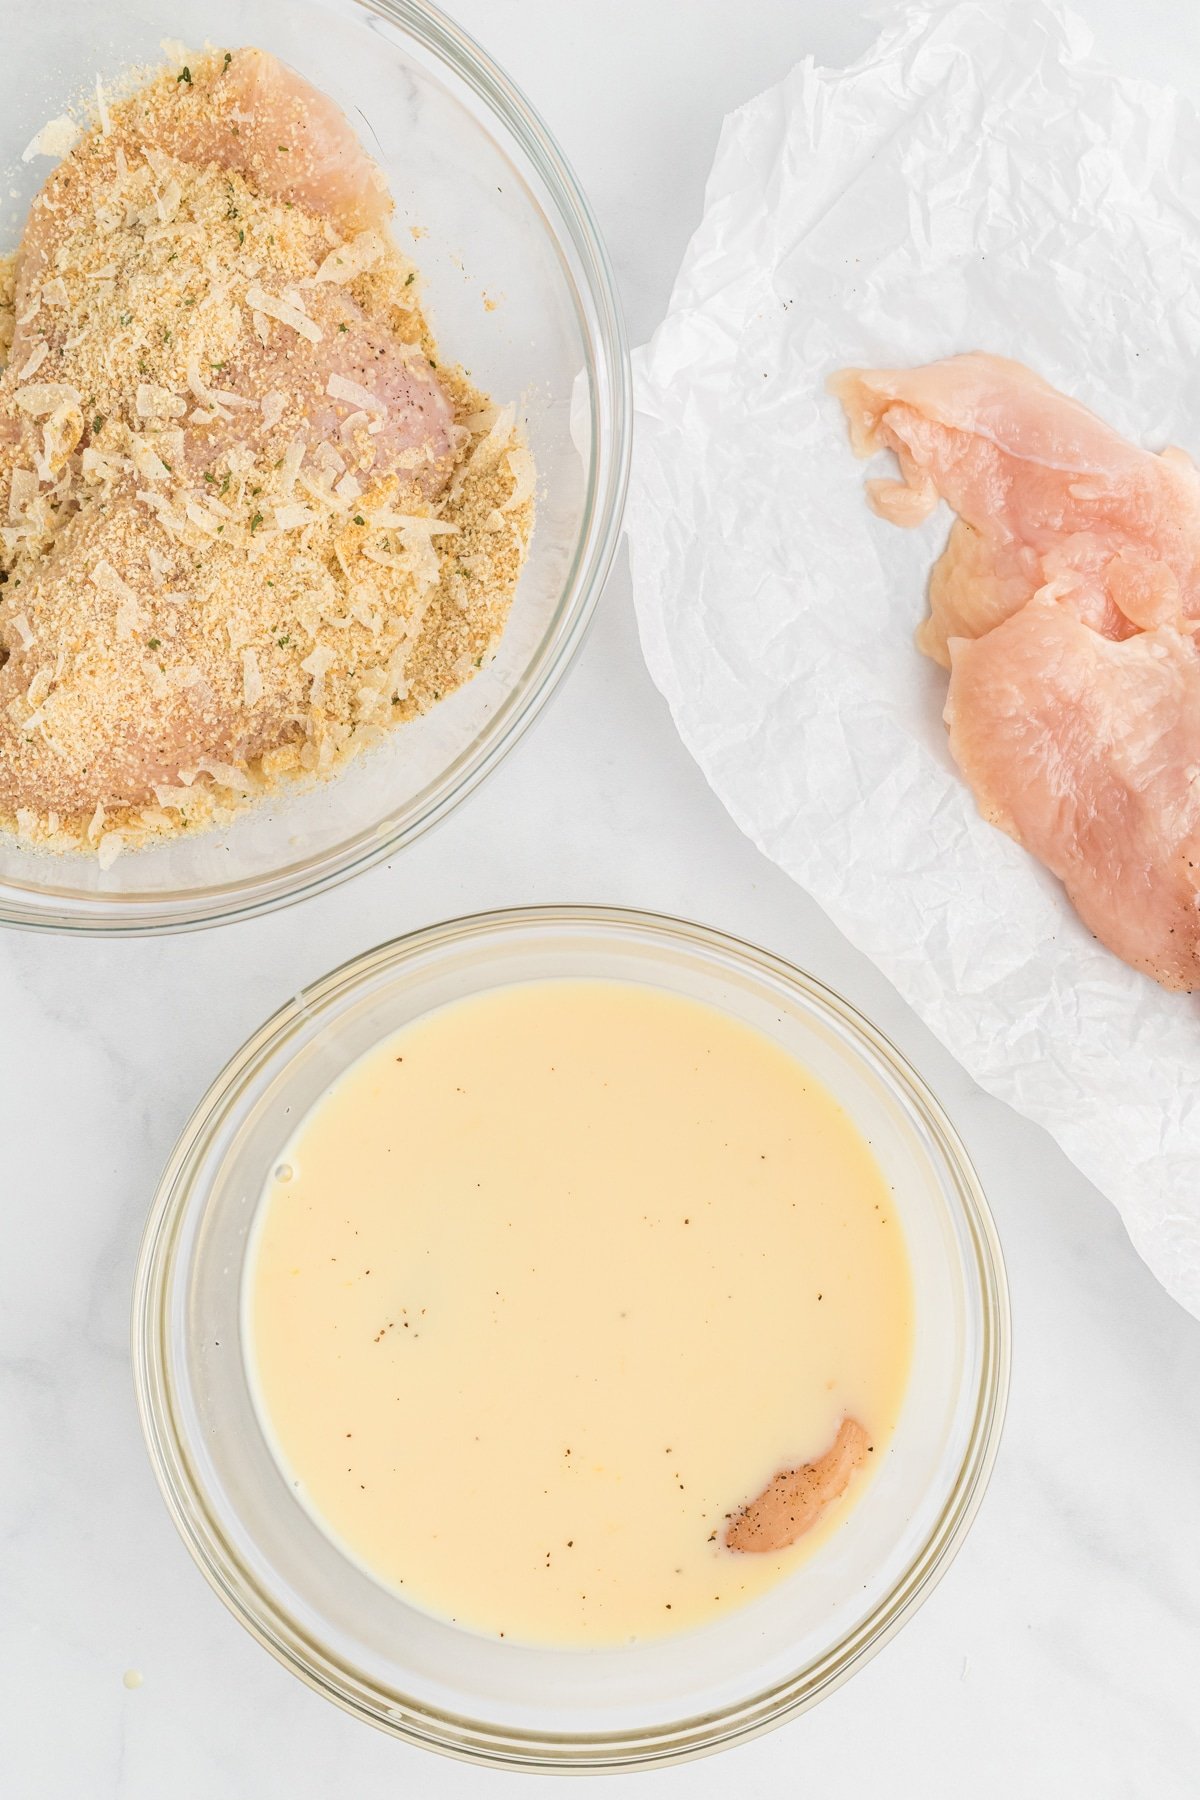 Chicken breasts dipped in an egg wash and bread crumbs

---

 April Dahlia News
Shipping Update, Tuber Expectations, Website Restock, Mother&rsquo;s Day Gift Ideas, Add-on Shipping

| Task directions |
Above are the records; copy exactly the lines from the line with "April Dahlia News" through the line with "Shipping Update, Tuber", both included.

| Reply |
 April Dahlia News
Shipping Update, Tuber Expectations, Website Restock, Mother&rsquo;s Day Gift Ideas, Add-on Shipping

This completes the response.